=== PROBLEM DESCRIPTION ===
Go through the data and copy each line where the word "Frankreich" shows up.

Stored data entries
• • • •

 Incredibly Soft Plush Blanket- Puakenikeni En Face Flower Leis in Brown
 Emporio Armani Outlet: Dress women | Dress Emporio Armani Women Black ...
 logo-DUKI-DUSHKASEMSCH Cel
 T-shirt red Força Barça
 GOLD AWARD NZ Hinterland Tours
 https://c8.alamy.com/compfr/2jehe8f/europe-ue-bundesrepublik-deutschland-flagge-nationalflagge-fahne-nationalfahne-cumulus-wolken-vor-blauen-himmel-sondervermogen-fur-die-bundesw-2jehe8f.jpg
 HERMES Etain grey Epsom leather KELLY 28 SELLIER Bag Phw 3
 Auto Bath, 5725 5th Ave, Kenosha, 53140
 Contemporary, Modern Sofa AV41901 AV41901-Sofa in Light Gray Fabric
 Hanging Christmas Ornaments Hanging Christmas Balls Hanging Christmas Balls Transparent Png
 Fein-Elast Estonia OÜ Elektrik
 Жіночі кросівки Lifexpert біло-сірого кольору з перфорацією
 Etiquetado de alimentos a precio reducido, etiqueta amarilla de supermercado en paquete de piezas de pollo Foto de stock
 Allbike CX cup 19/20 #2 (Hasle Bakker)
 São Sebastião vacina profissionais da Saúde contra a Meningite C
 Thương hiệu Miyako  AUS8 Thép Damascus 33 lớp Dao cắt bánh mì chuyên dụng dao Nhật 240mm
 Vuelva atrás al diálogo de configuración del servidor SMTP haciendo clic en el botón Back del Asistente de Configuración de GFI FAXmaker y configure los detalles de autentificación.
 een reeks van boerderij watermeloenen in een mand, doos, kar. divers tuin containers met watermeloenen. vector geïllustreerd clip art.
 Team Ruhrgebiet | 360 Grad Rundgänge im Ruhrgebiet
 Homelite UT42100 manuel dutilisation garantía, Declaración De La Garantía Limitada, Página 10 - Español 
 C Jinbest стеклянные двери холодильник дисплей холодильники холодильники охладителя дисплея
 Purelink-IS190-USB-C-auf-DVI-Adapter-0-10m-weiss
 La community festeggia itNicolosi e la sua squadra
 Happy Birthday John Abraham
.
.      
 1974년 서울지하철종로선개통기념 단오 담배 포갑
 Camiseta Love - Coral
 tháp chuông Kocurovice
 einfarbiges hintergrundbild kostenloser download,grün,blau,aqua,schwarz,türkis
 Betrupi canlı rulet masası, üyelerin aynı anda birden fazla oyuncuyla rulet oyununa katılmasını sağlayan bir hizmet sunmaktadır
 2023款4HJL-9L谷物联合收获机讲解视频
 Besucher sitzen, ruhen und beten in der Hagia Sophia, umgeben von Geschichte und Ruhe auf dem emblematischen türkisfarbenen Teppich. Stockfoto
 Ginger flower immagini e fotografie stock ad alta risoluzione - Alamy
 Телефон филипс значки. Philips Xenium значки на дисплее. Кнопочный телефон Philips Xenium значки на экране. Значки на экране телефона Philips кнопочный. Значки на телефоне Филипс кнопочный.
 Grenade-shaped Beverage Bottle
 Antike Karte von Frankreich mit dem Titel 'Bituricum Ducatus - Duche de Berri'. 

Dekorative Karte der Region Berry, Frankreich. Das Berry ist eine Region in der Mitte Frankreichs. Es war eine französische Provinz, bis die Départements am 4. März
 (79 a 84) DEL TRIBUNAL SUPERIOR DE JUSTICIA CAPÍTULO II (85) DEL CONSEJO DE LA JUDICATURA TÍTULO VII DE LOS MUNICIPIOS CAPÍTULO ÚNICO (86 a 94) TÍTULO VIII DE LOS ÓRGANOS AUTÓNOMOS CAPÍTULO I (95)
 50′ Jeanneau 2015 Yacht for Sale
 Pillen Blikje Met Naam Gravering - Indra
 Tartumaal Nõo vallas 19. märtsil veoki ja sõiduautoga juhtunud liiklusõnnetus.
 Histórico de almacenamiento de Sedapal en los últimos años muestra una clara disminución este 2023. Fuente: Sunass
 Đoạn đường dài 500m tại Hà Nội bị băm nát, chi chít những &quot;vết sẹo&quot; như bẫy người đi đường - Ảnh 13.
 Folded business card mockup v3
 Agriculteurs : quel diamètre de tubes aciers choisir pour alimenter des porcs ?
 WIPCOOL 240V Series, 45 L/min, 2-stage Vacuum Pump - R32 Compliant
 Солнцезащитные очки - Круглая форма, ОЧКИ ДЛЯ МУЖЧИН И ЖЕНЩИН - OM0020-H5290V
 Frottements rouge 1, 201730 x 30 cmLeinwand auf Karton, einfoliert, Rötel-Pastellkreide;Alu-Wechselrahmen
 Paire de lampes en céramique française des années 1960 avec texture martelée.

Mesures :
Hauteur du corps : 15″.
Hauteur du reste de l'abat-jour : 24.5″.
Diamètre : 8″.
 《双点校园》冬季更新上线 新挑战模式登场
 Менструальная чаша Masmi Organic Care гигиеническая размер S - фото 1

• • • •

=== ANSWER TO THE PROBLEM ===
 Antike Karte von Frankreich mit dem Titel 'Bituricum Ducatus - Duche de Berri'. 
Dekorative Karte der Region Berry, Frankreich. Das Berry ist eine Region in der Mitte Frankreichs. Es war eine französische Provinz, bis die Départements am 4. März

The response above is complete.